= Beginning of Section =

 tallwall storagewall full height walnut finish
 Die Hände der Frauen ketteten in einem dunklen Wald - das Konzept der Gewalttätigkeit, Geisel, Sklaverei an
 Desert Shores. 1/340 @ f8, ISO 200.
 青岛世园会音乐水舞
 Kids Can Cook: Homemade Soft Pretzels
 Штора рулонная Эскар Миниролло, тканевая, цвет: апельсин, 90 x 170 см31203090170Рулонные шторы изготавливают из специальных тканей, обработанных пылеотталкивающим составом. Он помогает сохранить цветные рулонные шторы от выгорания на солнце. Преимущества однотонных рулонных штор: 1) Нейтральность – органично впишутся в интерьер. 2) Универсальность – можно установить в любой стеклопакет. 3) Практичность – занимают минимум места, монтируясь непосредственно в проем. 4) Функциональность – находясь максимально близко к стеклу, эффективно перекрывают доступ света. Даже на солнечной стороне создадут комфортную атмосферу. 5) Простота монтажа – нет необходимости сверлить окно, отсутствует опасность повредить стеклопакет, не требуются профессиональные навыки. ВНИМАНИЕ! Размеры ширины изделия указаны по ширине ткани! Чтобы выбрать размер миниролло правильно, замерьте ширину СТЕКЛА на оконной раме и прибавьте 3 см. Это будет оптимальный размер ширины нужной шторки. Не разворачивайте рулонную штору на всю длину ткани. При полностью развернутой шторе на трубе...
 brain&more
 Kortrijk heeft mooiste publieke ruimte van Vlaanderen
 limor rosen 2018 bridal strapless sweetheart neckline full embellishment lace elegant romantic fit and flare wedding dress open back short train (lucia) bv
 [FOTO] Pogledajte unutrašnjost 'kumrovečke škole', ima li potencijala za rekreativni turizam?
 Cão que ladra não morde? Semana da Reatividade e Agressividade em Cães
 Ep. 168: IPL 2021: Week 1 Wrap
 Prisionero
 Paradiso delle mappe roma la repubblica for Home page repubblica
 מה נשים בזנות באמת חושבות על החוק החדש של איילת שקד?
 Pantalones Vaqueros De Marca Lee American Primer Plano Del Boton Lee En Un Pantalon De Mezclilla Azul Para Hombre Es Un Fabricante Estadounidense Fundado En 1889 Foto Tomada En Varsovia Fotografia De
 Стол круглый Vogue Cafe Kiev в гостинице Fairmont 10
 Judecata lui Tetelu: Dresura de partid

= End of Section =

Starting with the first line above and ending with the line that holds "Kids Can Cook: Homemade Soft Pretzels", restate each line word for word and add nothing else.

 tallwall storagewall full height walnut finish
 Die Hände der Frauen ketteten in einem dunklen Wald - das Konzept der Gewalttätigkeit, Geisel, Sklaverei an
 Desert Shores. 1/340 @ f8, ISO 200.
 青岛世园会音乐水舞
 Kids Can Cook: Homemade Soft Pretzels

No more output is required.